Bank results need to be spelt out

EDITORS LETTER

However, over recent years it has become difficult to represent accurately how banks have fared, as many seem to be increasingly reluctant to break out detailed figures representing forex department results. This made it impossible for us to list the top 30 banks in FX last year as we did in previous years.

Foreign exchange returns are now often a sub-sect of the fixed-income portion of a bank's results, and where this is the case they are not broken out. While banks are often happy to give an often rather vague comment about 'continuing growth' or 'tough markets', they will rarely give hard answers to questions about how the FX desk did compared with last year and why.

In an era where accounting standards are becoming more rigorous and transparency is seen as being of paramount importance when it comes to ensuring good corporate governance, this trend towards increased opacity is worrying. It is understandable that banks will be reluctant to explain why certain business lines did not perform. For those looking to accentuate the positive and gloss over the negative, rolling poor results into a bigger, more rosy picture makes sense on the face of it.

In the long term, however, hiding bad news will backfire. If results from a certain part of a business are lacklustre, there are usually good reasons to explain this. Where there are not, the media spotlight can do much to spur an organisation that may not have realised there was a problem to take what may be long-overdue action.

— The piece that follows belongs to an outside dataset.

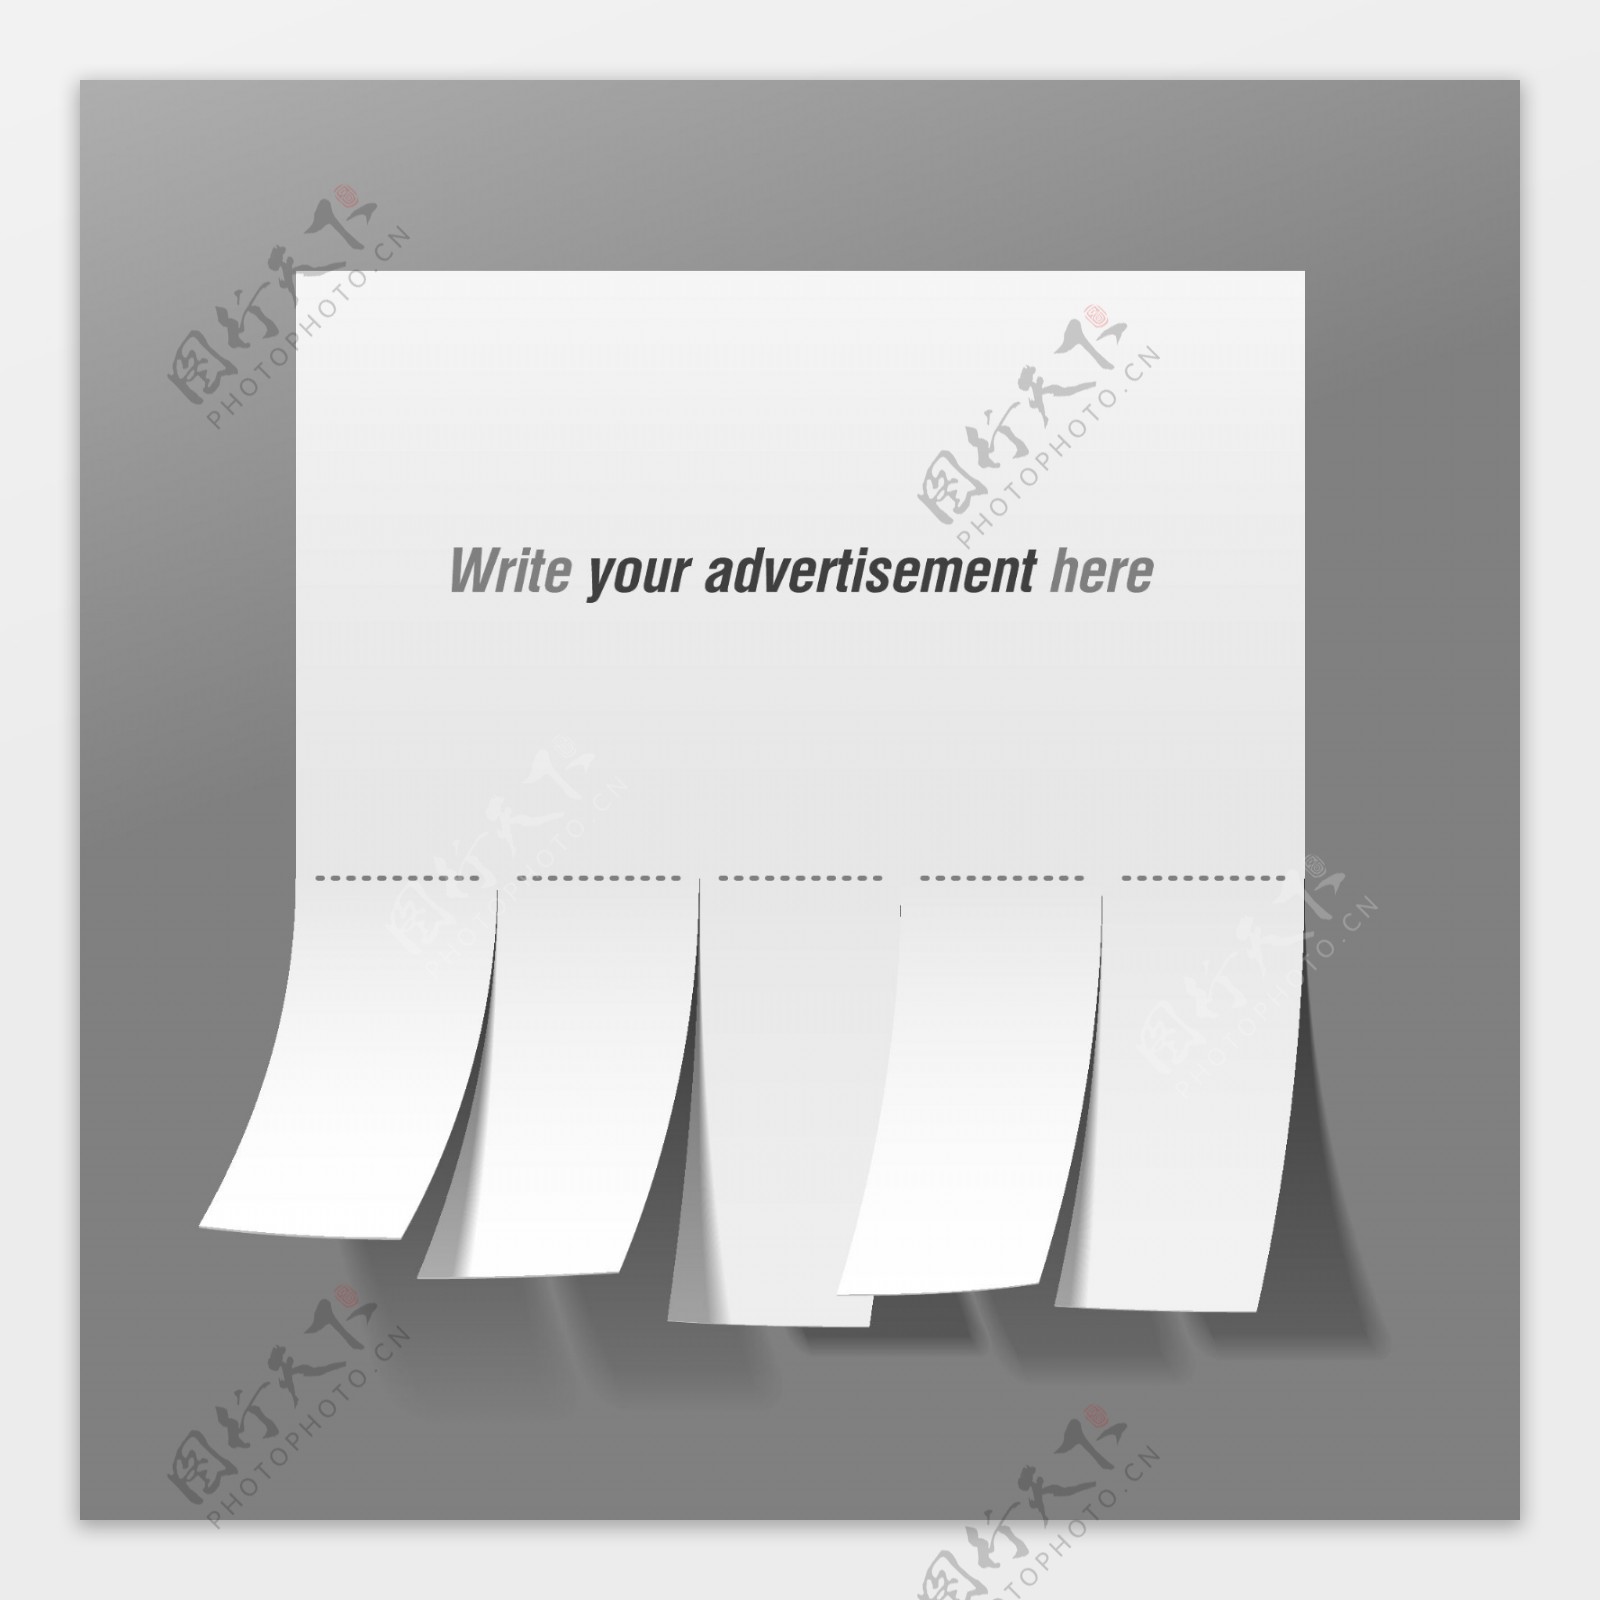 一个方便的广告纸模板矢量素材01
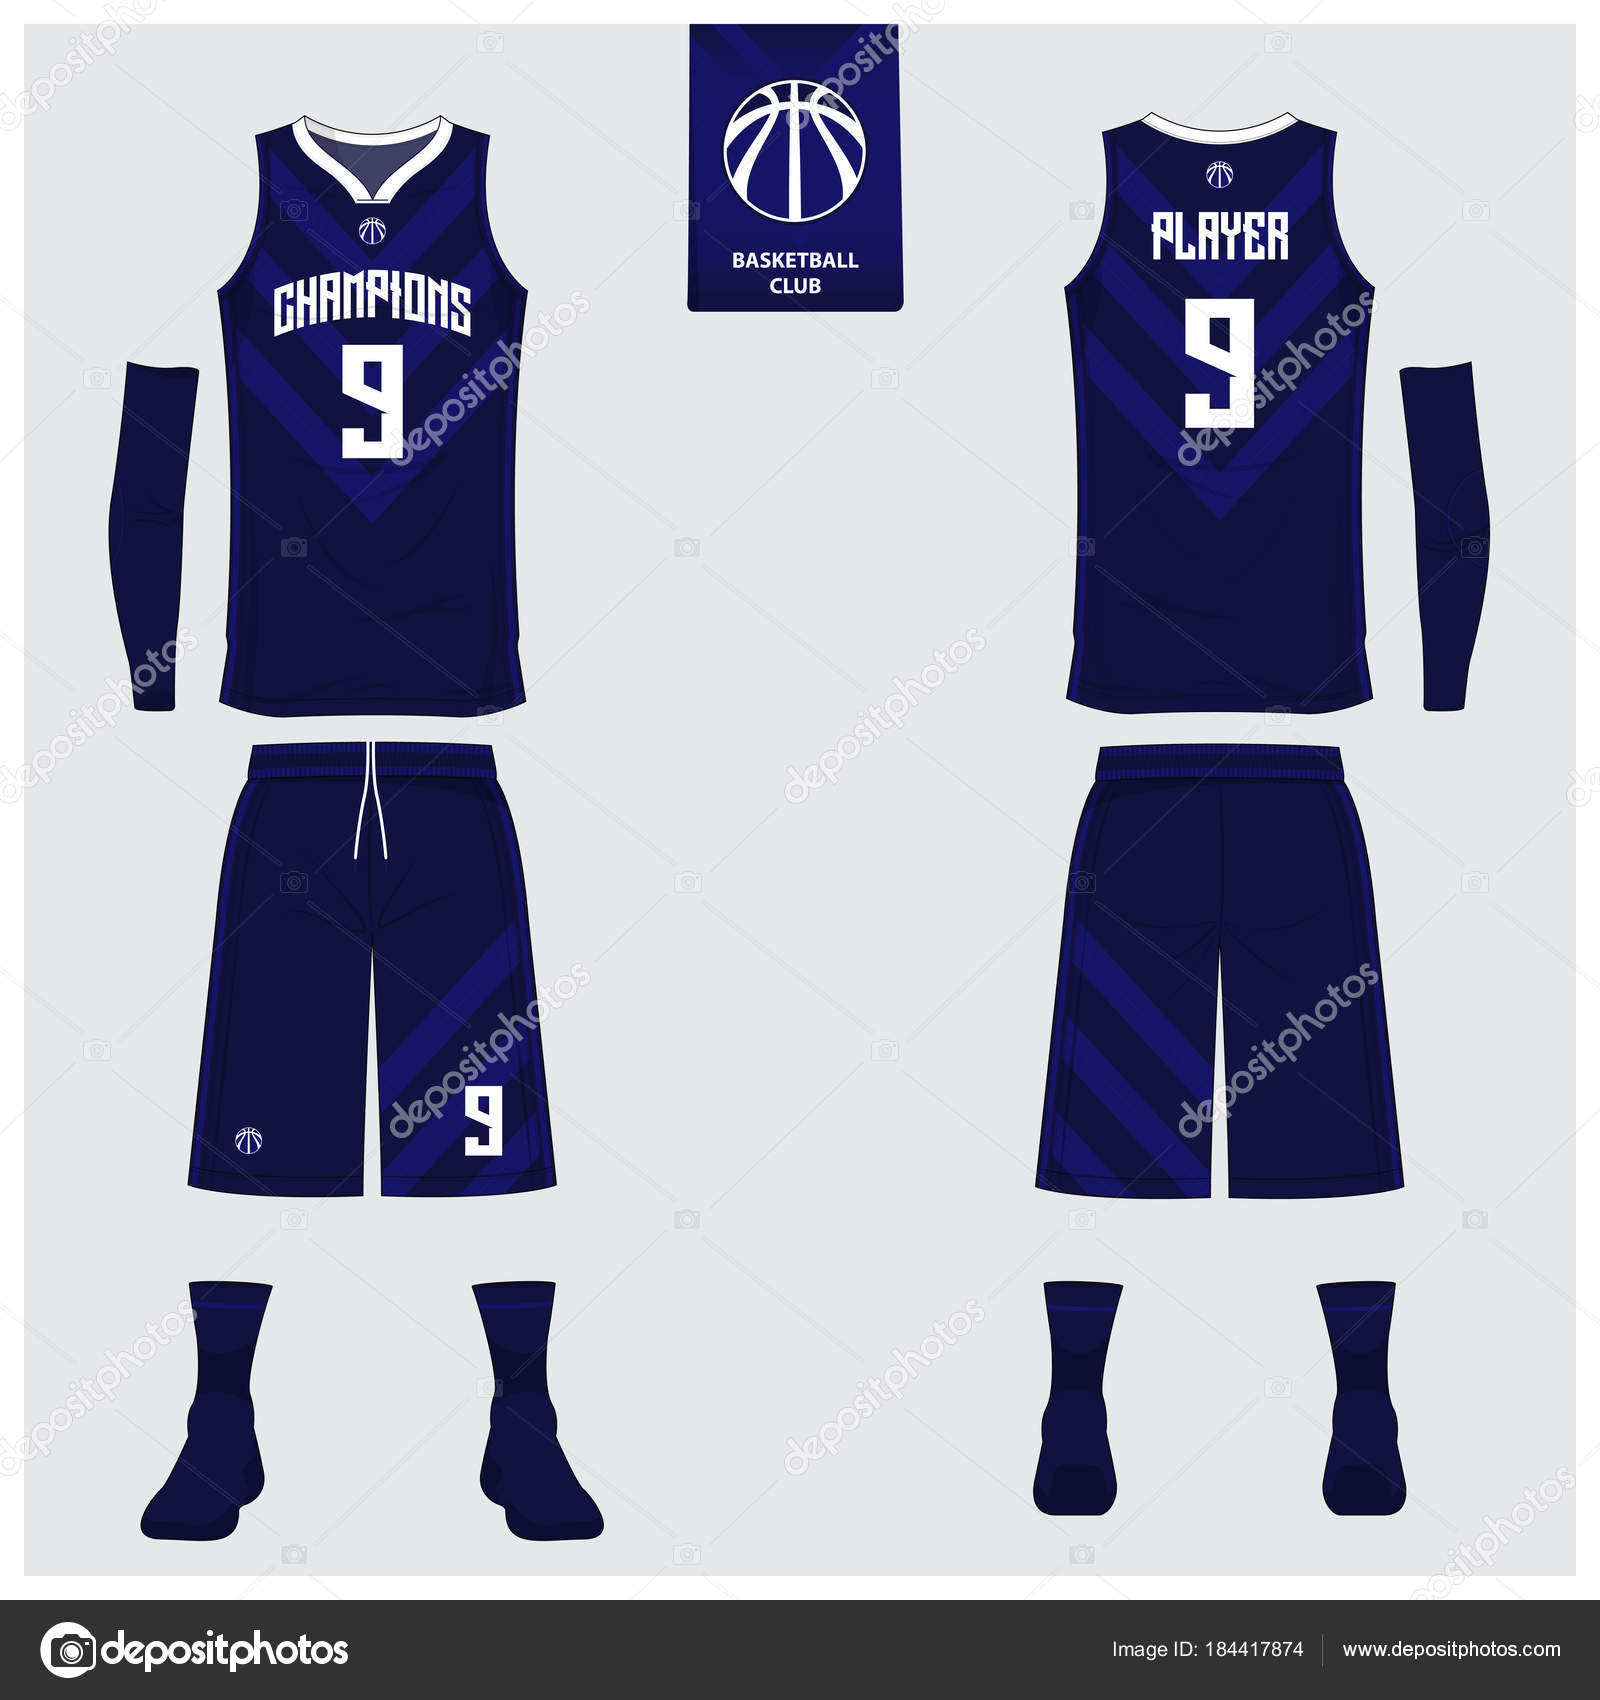 basketball jersey design 2018

Either way, for those running businesses and for their teams, surely it is healthy to know how you are performing.

Those lobbying for the watering down of accounting standards such as FRS 17 are playing a dangerous game. The rules are being put in place to avoid scandals such as Enron reoccurring. It was Refco's dubious accounting practices that allowed a crooked chief executive to divert funds from one part of a sprawling business to another.

While I am in no way suggesting that banks becoming more vague in reporting FX results will lead to dishonesty, making things explicit will ensure everyone knows where they stand.